*Task goal:*
Reproduce precisely the lines between the start of the data below and the line with "Bữa cơm giữa", both included.

Records excerpted from a collection:

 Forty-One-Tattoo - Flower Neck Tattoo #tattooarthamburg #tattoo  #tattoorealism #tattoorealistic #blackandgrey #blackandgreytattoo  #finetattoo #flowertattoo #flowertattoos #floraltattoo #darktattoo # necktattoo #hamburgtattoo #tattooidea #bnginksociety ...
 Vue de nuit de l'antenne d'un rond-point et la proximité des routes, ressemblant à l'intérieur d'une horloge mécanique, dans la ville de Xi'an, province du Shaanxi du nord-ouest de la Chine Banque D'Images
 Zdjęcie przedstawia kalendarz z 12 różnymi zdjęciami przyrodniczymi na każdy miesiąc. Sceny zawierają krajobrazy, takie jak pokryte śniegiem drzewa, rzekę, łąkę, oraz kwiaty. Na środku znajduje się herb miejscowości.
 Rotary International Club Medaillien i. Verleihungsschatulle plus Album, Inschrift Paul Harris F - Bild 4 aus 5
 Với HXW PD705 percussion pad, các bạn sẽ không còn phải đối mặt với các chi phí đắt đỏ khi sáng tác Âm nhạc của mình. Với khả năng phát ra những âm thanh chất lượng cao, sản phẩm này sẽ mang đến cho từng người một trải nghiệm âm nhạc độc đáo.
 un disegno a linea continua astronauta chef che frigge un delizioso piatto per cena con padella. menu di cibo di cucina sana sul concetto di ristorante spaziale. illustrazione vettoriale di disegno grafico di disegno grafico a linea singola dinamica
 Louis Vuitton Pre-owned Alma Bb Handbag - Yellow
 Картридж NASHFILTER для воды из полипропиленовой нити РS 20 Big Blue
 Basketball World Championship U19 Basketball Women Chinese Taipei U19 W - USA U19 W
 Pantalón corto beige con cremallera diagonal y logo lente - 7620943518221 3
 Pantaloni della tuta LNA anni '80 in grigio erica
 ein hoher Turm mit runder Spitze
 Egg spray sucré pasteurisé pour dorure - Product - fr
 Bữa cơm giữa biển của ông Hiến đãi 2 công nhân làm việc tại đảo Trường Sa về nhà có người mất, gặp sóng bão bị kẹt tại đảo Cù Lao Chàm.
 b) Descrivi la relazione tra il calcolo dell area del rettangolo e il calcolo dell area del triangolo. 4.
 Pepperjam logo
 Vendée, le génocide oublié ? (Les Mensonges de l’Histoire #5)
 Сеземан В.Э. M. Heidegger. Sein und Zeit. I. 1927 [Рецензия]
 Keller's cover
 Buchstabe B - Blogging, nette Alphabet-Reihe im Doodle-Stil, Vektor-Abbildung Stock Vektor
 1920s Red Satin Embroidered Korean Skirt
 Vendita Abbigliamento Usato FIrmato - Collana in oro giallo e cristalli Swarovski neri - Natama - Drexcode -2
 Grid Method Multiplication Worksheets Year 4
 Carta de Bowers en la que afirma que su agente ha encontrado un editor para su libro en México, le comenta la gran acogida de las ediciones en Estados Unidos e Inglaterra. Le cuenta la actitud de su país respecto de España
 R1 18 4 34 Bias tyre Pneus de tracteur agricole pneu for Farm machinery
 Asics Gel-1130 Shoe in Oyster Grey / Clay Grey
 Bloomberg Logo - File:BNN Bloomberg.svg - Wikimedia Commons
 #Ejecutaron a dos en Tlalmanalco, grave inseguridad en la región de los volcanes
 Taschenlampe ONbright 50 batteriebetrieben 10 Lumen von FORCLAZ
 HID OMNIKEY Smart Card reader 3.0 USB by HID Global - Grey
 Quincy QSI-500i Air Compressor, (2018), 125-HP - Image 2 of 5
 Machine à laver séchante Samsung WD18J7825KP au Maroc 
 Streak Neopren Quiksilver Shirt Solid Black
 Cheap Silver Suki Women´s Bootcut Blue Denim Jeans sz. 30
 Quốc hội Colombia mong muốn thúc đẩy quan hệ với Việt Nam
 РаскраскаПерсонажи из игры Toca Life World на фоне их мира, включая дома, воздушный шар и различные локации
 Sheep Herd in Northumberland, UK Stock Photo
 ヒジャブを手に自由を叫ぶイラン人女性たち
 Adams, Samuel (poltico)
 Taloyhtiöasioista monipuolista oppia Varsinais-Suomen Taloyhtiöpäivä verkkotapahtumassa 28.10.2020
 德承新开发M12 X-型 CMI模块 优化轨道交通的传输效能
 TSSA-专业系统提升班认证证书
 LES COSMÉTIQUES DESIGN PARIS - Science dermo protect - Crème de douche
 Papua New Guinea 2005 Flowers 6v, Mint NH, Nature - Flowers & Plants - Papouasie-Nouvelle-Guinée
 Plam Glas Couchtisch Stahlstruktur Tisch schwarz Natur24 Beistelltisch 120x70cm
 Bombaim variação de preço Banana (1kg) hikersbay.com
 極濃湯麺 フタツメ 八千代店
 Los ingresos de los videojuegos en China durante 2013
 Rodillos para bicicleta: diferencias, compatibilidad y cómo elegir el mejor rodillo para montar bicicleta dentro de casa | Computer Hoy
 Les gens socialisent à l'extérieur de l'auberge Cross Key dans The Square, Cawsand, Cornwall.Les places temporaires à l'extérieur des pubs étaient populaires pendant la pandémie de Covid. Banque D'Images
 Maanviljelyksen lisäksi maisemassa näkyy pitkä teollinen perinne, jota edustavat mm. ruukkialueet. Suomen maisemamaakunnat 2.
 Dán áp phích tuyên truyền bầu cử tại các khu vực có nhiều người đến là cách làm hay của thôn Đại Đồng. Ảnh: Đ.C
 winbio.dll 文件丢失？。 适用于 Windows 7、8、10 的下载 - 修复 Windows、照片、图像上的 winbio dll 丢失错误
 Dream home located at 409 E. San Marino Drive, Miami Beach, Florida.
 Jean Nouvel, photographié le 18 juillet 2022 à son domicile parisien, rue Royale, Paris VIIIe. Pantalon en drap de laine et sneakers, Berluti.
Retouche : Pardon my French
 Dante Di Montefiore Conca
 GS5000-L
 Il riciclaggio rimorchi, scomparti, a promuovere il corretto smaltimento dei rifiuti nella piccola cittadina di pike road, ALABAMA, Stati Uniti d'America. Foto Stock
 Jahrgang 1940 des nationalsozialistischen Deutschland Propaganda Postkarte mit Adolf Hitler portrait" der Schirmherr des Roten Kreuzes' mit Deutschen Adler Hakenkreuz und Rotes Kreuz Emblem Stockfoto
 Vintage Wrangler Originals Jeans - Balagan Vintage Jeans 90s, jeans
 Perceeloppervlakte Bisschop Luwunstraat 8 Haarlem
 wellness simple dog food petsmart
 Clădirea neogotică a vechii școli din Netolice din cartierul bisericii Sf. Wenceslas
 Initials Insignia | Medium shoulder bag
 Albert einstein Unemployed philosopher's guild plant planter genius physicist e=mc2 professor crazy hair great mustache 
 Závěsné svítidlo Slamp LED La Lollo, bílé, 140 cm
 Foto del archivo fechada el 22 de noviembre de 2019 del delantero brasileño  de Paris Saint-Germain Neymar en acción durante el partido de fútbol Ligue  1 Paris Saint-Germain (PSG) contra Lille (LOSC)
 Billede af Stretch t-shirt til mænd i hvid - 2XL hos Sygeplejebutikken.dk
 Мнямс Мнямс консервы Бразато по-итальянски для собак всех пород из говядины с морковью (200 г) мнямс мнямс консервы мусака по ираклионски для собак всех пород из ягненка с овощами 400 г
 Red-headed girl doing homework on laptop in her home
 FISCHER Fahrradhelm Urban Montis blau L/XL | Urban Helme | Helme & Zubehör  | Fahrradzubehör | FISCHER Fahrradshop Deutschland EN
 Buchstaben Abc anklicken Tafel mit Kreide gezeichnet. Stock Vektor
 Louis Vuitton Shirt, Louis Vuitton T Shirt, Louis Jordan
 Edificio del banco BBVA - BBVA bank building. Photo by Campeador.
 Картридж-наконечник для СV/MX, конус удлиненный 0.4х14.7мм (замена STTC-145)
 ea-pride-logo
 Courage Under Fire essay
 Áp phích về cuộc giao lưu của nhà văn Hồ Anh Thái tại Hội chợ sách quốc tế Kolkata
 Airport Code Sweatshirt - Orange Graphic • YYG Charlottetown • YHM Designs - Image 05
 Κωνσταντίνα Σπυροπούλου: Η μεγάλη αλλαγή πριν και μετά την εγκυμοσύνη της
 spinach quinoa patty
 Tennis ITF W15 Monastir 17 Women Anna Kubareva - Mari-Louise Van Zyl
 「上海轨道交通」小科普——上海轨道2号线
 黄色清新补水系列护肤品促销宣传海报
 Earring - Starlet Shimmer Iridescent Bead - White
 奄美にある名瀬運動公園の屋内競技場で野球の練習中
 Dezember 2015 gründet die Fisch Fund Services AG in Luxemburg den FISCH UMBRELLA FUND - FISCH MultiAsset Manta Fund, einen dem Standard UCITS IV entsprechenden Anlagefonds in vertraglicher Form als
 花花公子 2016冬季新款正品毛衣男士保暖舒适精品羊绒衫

*Response below:*
 Forty-One-Tattoo - Flower Neck Tattoo #tattooarthamburg #tattoo  #tattoorealism #tattoorealistic #blackandgrey #blackandgreytattoo  #finetattoo #flowertattoo #flowertattoos #floraltattoo #darktattoo # necktattoo #hamburgtattoo #tattooidea #bnginksociety ...
 Vue de nuit de l'antenne d'un rond-point et la proximité des routes, ressemblant à l'intérieur d'une horloge mécanique, dans la ville de Xi'an, province du Shaanxi du nord-ouest de la Chine Banque D'Images
 Zdjęcie przedstawia kalendarz z 12 różnymi zdjęciami przyrodniczymi na każdy miesiąc. Sceny zawierają krajobrazy, takie jak pokryte śniegiem drzewa, rzekę, łąkę, oraz kwiaty. Na środku znajduje się herb miejscowości.
 Rotary International Club Medaillien i. Verleihungsschatulle plus Album, Inschrift Paul Harris F - Bild 4 aus 5
 Với HXW PD705 percussion pad, các bạn sẽ không còn phải đối mặt với các chi phí đắt đỏ khi sáng tác Âm nhạc của mình. Với khả năng phát ra những âm thanh chất lượng cao, sản phẩm này sẽ mang đến cho từng người một trải nghiệm âm nhạc độc đáo.
 un disegno a linea continua astronauta chef che frigge un delizioso piatto per cena con padella. menu di cibo di cucina sana sul concetto di ristorante spaziale. illustrazione vettoriale di disegno grafico di disegno grafico a linea singola dinamica
 Louis Vuitton Pre-owned Alma Bb Handbag - Yellow
 Картридж NASHFILTER для воды из полипропиленовой нити РS 20 Big Blue
 Basketball World Championship U19 Basketball Women Chinese Taipei U19 W - USA U19 W
 Pantalón corto beige con cremallera diagonal y logo lente - 7620943518221 3
 Pantaloni della tuta LNA anni '80 in grigio erica
 ein hoher Turm mit runder Spitze
 Egg spray sucré pasteurisé pour dorure - Product - fr
 Bữa cơm giữa biển của ông Hiến đãi 2 công nhân làm việc tại đảo Trường Sa về nhà có người mất, gặp sóng bão bị kẹt tại đảo Cù Lao Chàm.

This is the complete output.